Jamás fui demasiado amigo de las casualidades ni un devoto de las
coincidencias y no tenía ninguna intención de empezar a serlo en aquel momento.
Que los sueños, o más bien pesadillas, podrían estar directamente relacionados
con las crecientes desapariciones era, más que una simple suposición, una
clarísima evidencia. Ahora bien, los vínculos o nexos que unían ambas
realidades, así como sus correspondientes explicaciones lógicas, seguían siendo
un misterio para mí. Sin embargo, podía presumir de ser de los pocos en llegar
a dichas conclusiones a través de mi propia experiencia personal y del objetivo
análisis de los hechos, al menos por el momento.
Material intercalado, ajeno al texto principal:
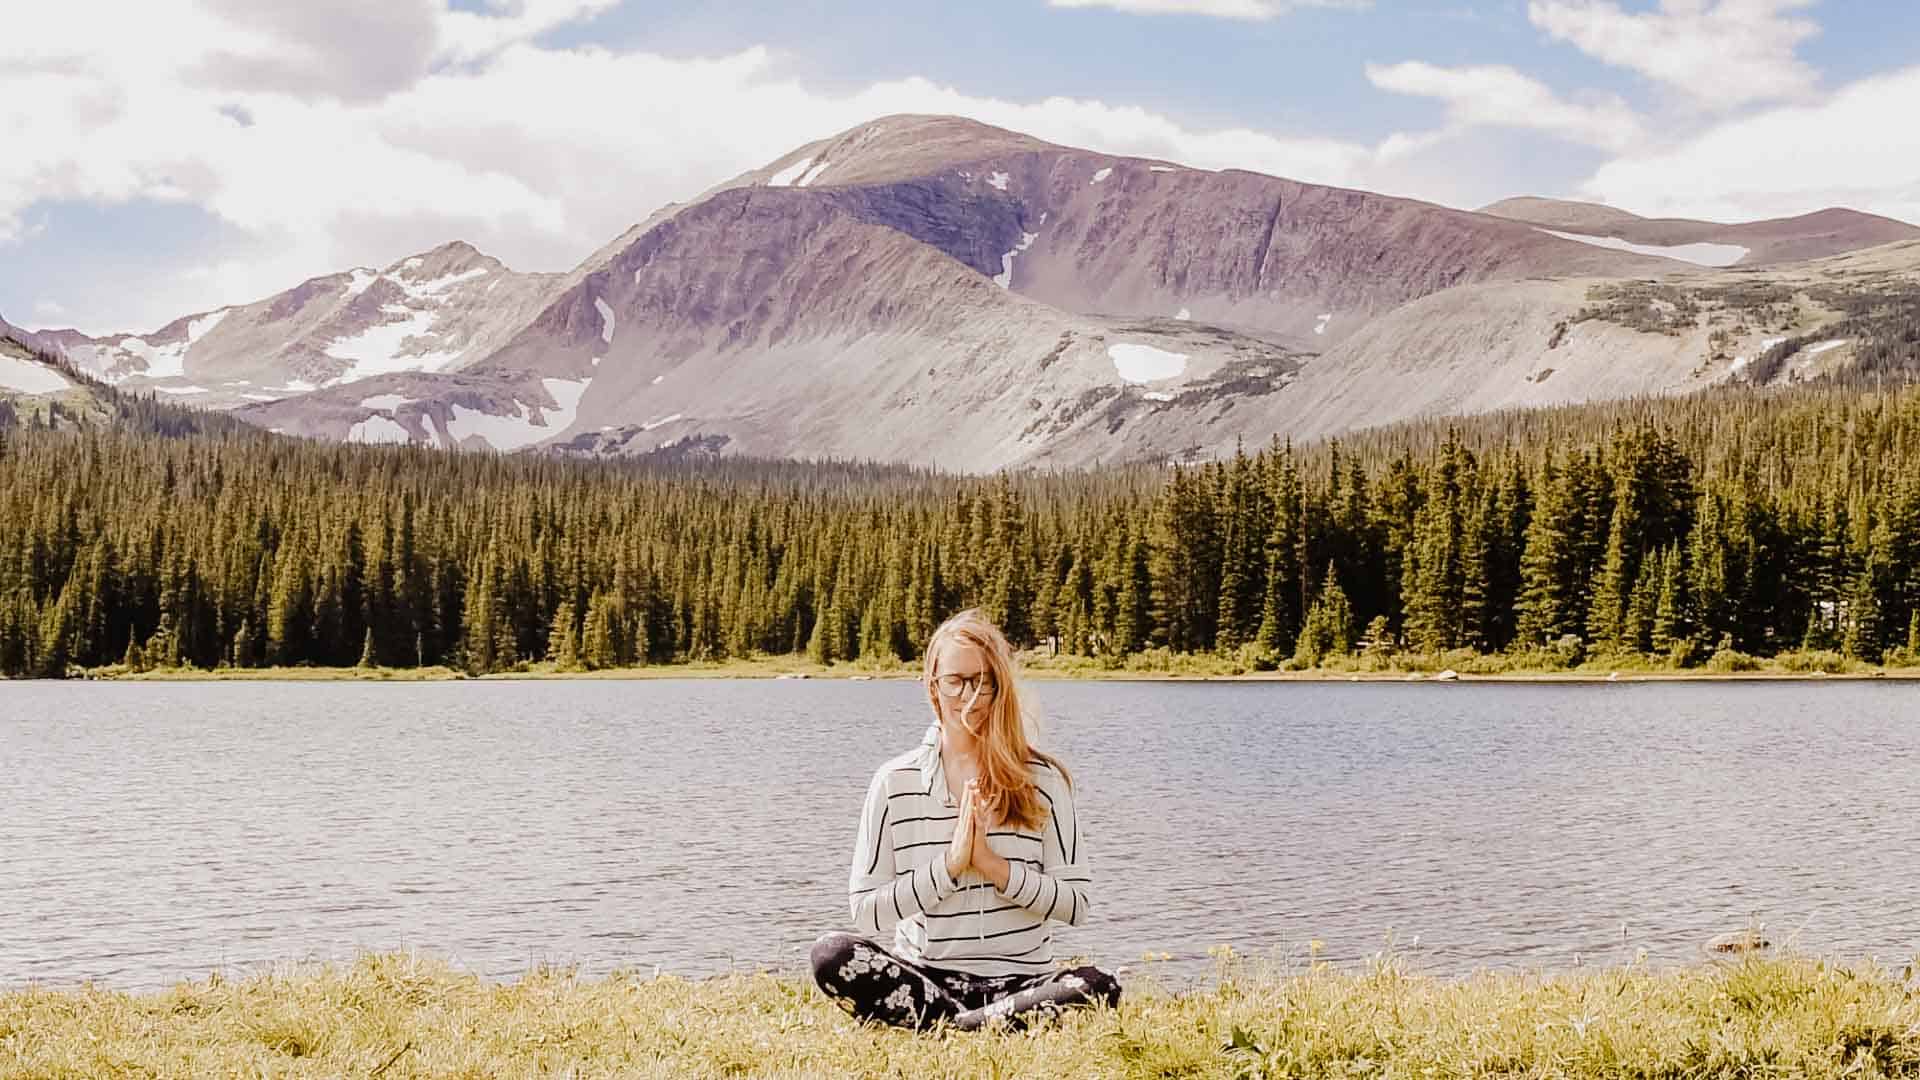 Lumalia sitting near mountain doing yoga and meditation as a part of the 30-day self-care challenge

Los sueños con la casa del prado habían empezado en Cuatro, a mi llegada al
Bradbury, cuando aún creía que los Swanson estarían probablemente encerrados en
algún cuarto de las escobas. Poco a poco, la vivencia onírica había ido
cambiando. Lo que fue hermoso se tornó pérfido, lo hogareño se transformó en
ajeno, la sutil atracción se convirtió en terror. Y luego estaban las voces,
los susurros. Y también los gritos. Los chillidos descarnados de Paul a lo
lejos, la llamada de quienes me requerían, los llantos. Y Giada pidiéndome que
me quedase a comer. Lentamente, el mismo
sueño se había ido transformando, añadiendo y eliminando decorado y personajes.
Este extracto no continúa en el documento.